Our approach builds on the final two observations from the previous section. We propose an algorithm that operates at the character level but applies a rule set to produce word-level alignments. And unlike traditional methods, it is not restricted to alignments that directly minimize the edit distance. An entirely unconstrained search is infeasible, which is precisely why dynamic programming has been so widely adopted for this purpose. Instead, we first compute Levenshtein-based alignments at the character level. This provides a foundation for a beam search that remains close to the backtrace alignments but can deviate when necessary. Before processing, we embed each word in angle brackets. For example, the sentence “an example” becomes <an><example>. These brackets serve as markers for the rule set, indicating where each word-level alignment begins and ends. Instead of assigning equal cost to all transitions, we introduce a fine-grained cost function informed by basic linguistic properties. Insertions or deletions of unvoiced characters - such as apostrophes or the angle bracket delimiters - are penalized less than those involving voiced characters. Similarly, substituting a vowel with a consonant is considered less plausible than substituting characters of the same type. The full procedure is illustrated in Figure e below.

Figure 2: The alignment is obtained by first computing the character-level edit distance and constructing the corresponding backtrace (red arrows). A beam search (blue arrows), using the backtrace as an anchor, then identifies the optimal alignment (green arrows). 

We hope this high-level introduction gave you a basic understanding of our work. If you want to dive deeper, check out our full paper on arXiv, the algorithm implementation on GitHub, or the corresponding PyPI package. 

Improving understanding with alignment

Let us now examine how alignments can aid in error analysis and how improved alignments provide a more informative view of the errors. We use the popular Whisper model and apply it to the PriMock57 dataset, a collection of 57 simulated primary care consultations.

The PriMock dataset contains conversational speech, and its reference transcripts reflect the informal nature of these interactions. Terms like “alright,” “gonna,” and “wanna” appear instead of the more formal “all right,” “going to,” and “want to” preferred by the model. In addition, the reference transcripts also include vocalized fillers such as “um” and “uh,” which the model rarely transcribes. These two fillers alone account for nearly 12% of all model errors. The examples above represent relatively common cases - issues that could be detected even without an accurate alignment algorithm. However, rare terms that have little impact on overall word error rate but are critical to transcribe correctly present a different challenge. Consider the alignments for misspelled drug names shown in the table below. The Levenshtein-based alignments are largely uninformative, whereas our method reveals that the transcribed phrases are actually phonetically similar. Integrating a language model more tightly into the speech recognition decoder could help resolve these errors.
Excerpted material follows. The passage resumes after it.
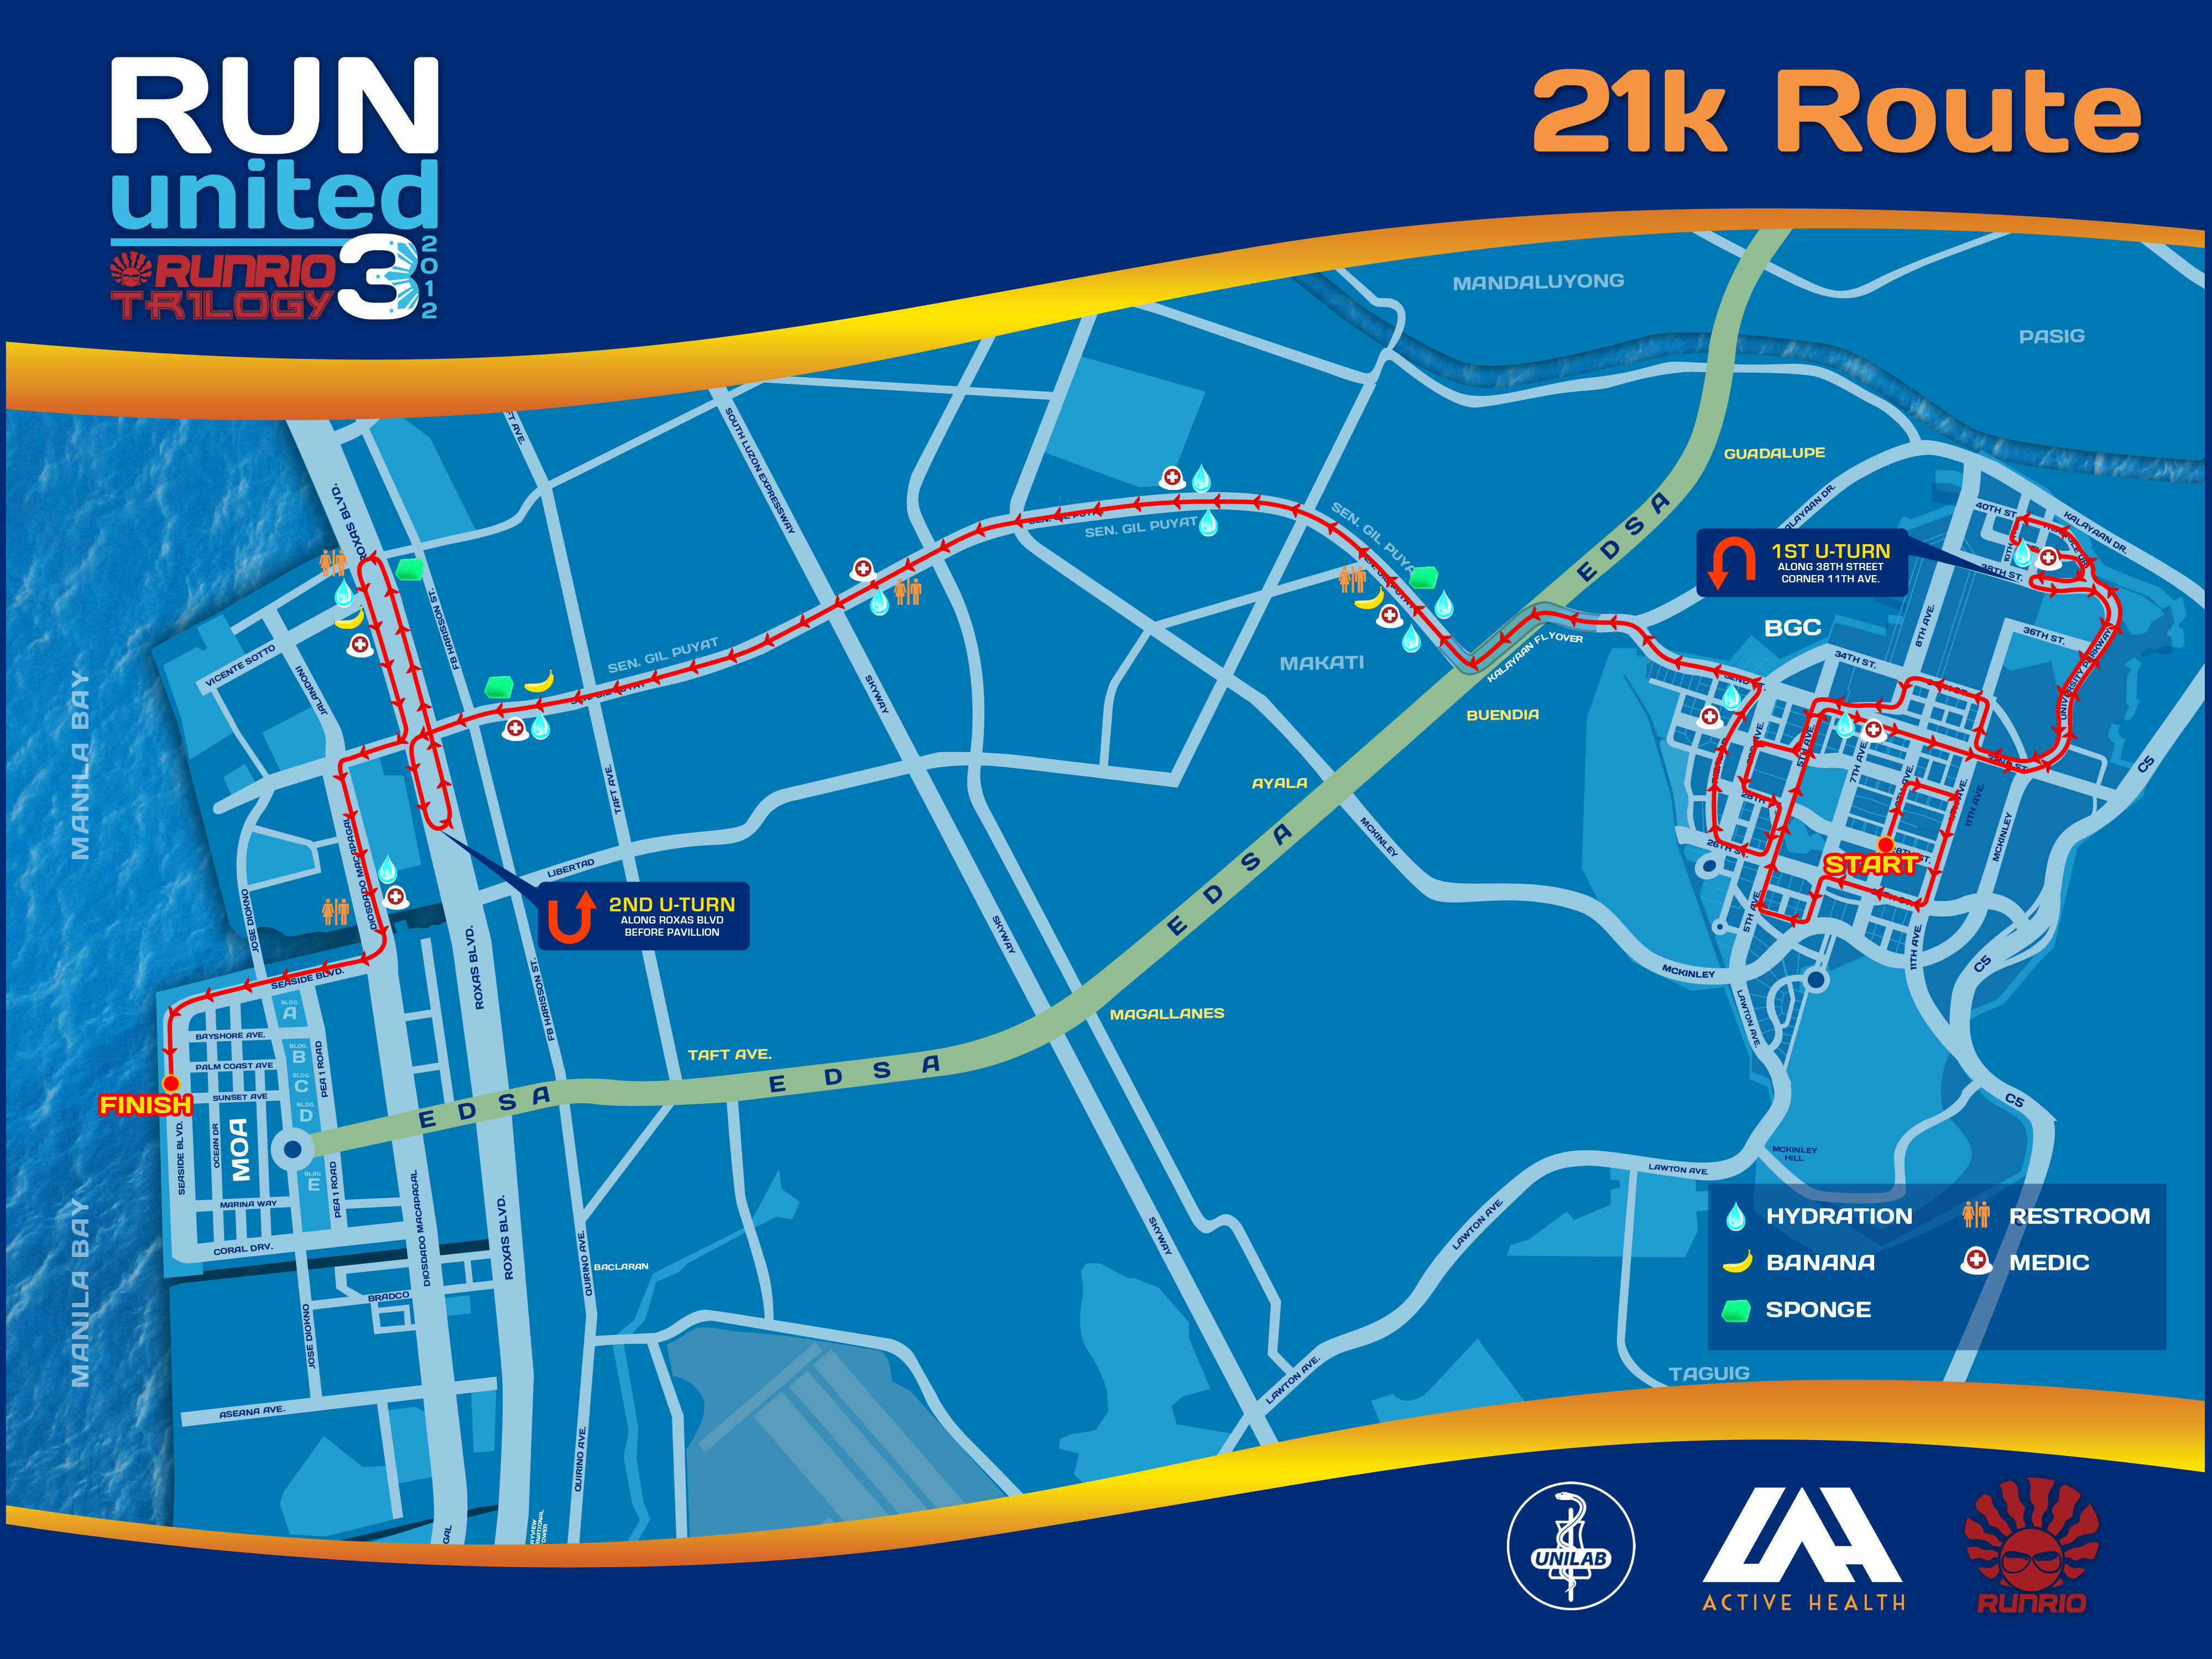 runrio trilogy 3 unilab run united 3 route maps | kulit on the run

We previously described how Levenshtein-based alignment does not account for the qualitative characteristics of individual operations, often resulting in somewhat arbitrary substitutions. To see how this manifests in practice, we can examine the one-to-one alignments that differ most between the two approaches. The table below presents a short selection involving medical relevant information, but the list goes on.
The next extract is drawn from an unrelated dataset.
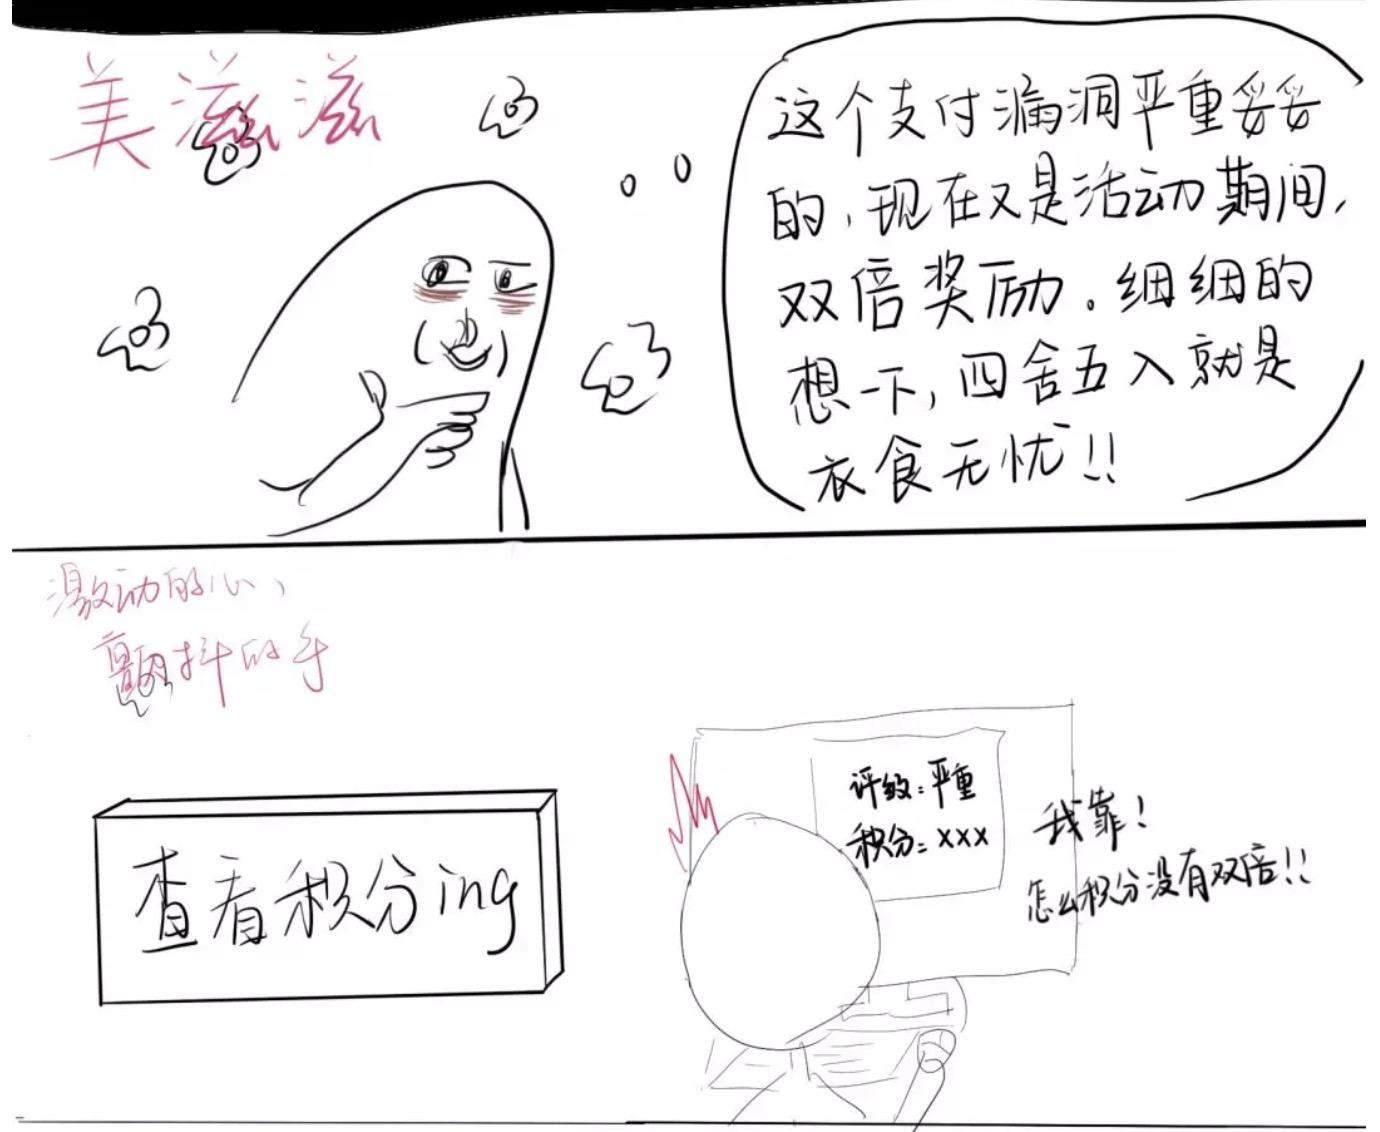 https://momo-mmsrc.oss-cn-hangzhou.aliyuncs.com/img-1ce2f79a-e88c-3cb1-bb2a-cda2cbab6475.jpeg

Finally, we can use some of the above observations to provide a more truthful word error rate. By adjusting our normalization procedure to account for the most common differences in conventions regarding informal language, vocalized fillers, abbreviations, as well as discounting for one-to-many substitutions, the overall word error rate decreases from 15.4% to 10.2%. If a paper reported a similar improvement resulting from a new modeling or optimization technique, it would likely draw considerable attention.

Next steps

This work is part of a larger, ongoing effort to improve and simplify the evaluation of speech recognition models. The examples above highlight how more accurate alignment represents a crucial step in that direction. However, a toolkit for bespoke analysis is not the ultimate goal. Instead, accurate alignment should be integrated into standardized and reproducible workflows that enable practitioners to efficiently break down and interpret model performance.

Reproducibility is a keyword here. A natural question arises: why not use a large language model to address the alignment problem described earlier? After all, some terms are nearly impossible to align correctly without broader world knowledge. Take for instance the word “percent” and its corresponding symbol %. While a large language model might outperform a deterministic algorithm in such cases, it also raises questions about which model to use and how that choice affects the comparability and reproducibility of different evaluation runs. Not to mention the substantial inference cost.
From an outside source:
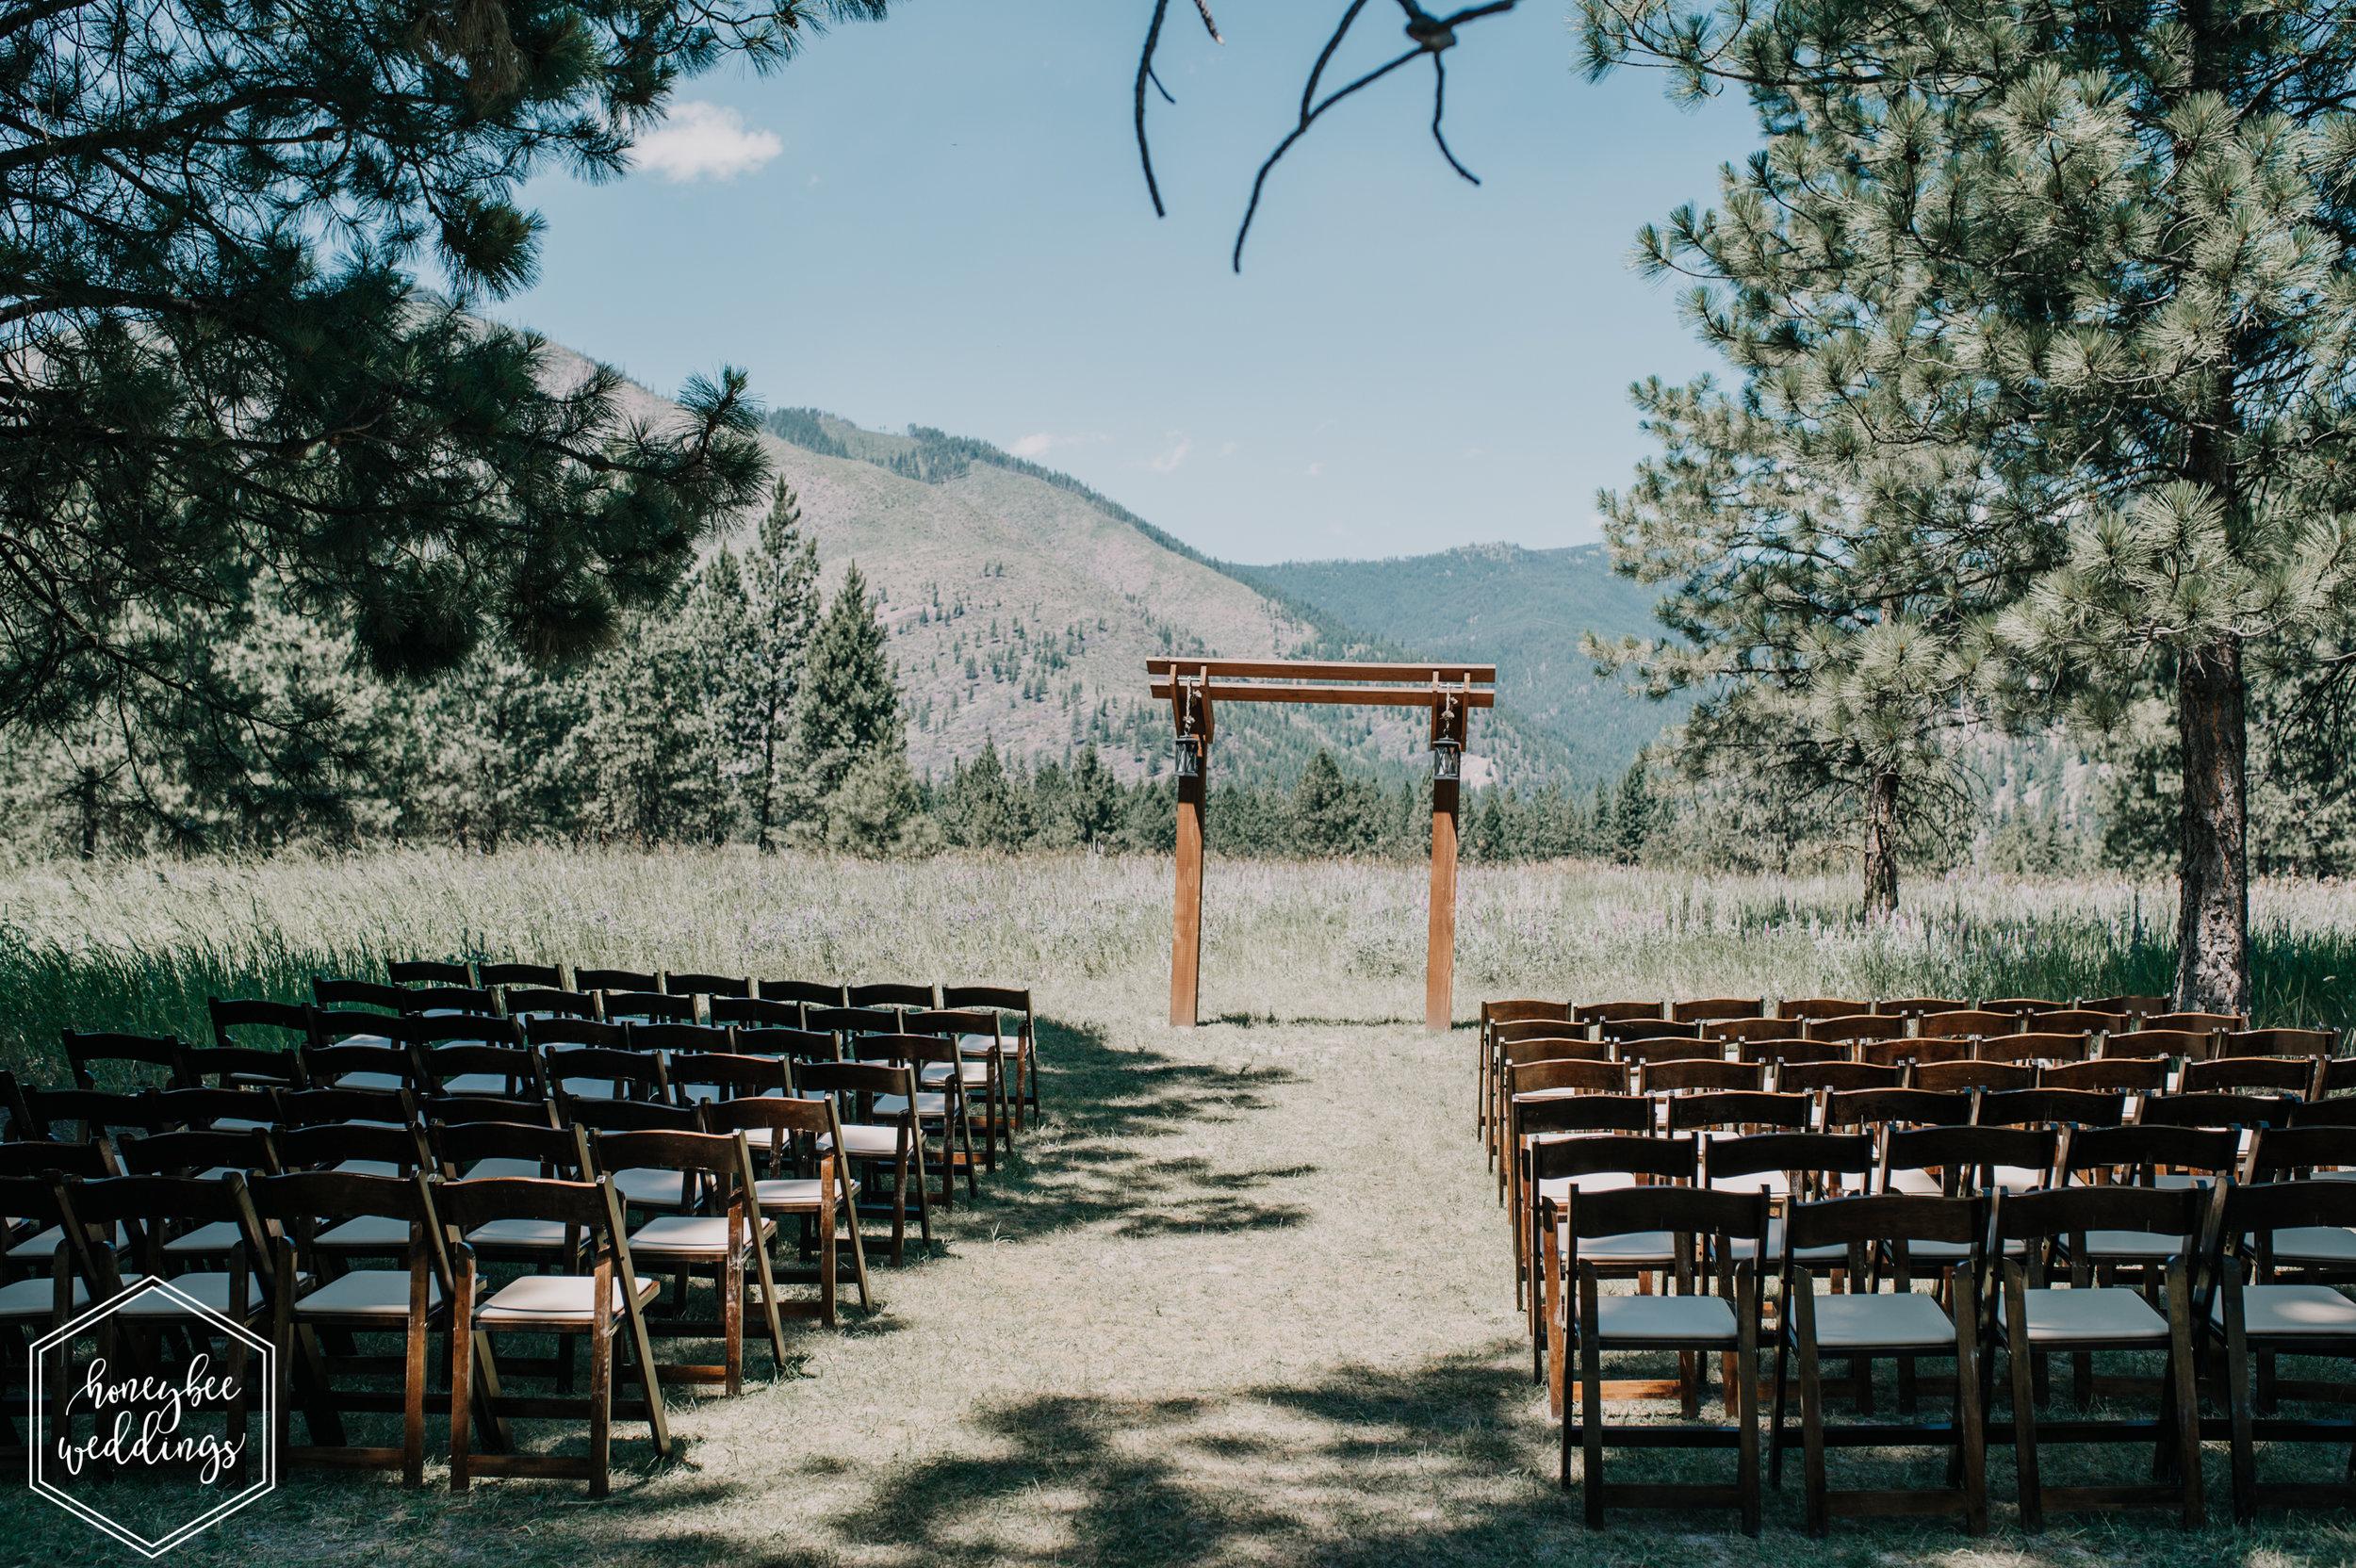 6 White Raven Wedding_Montana Wedding Photographer_Honeybee Weddings_ Meghan Maloney + Arza Hammond 2018-9880-2.jpg

This is not to suggest that large language models have no role to play. Rather than performing the evaluation itself, they can support the process by preparing data for more detailed analysis. For example, a language model might help identify which words are critical versus redundant, or generate alternative forms of informal expressions and abbreviations, as discussed above.

With a standardized framework for releasing evaluation data that includes language model enriched transcripts, computing metrics such as medical term recall (MTR) becomes much more accessible. Medical term recall focuses specifically on the most critical terms in the reference transcripts, allowing practitioners to quantify how well a model captures the terms most important for their application.

As we continue this work, our goal is to develop a transparent and reproducible evaluation framework for speech recognition. A framework that combines accurate alignment, flexible analysis, and thoughtful use of language models to improve how model performance is understood and compared. Follow along for more.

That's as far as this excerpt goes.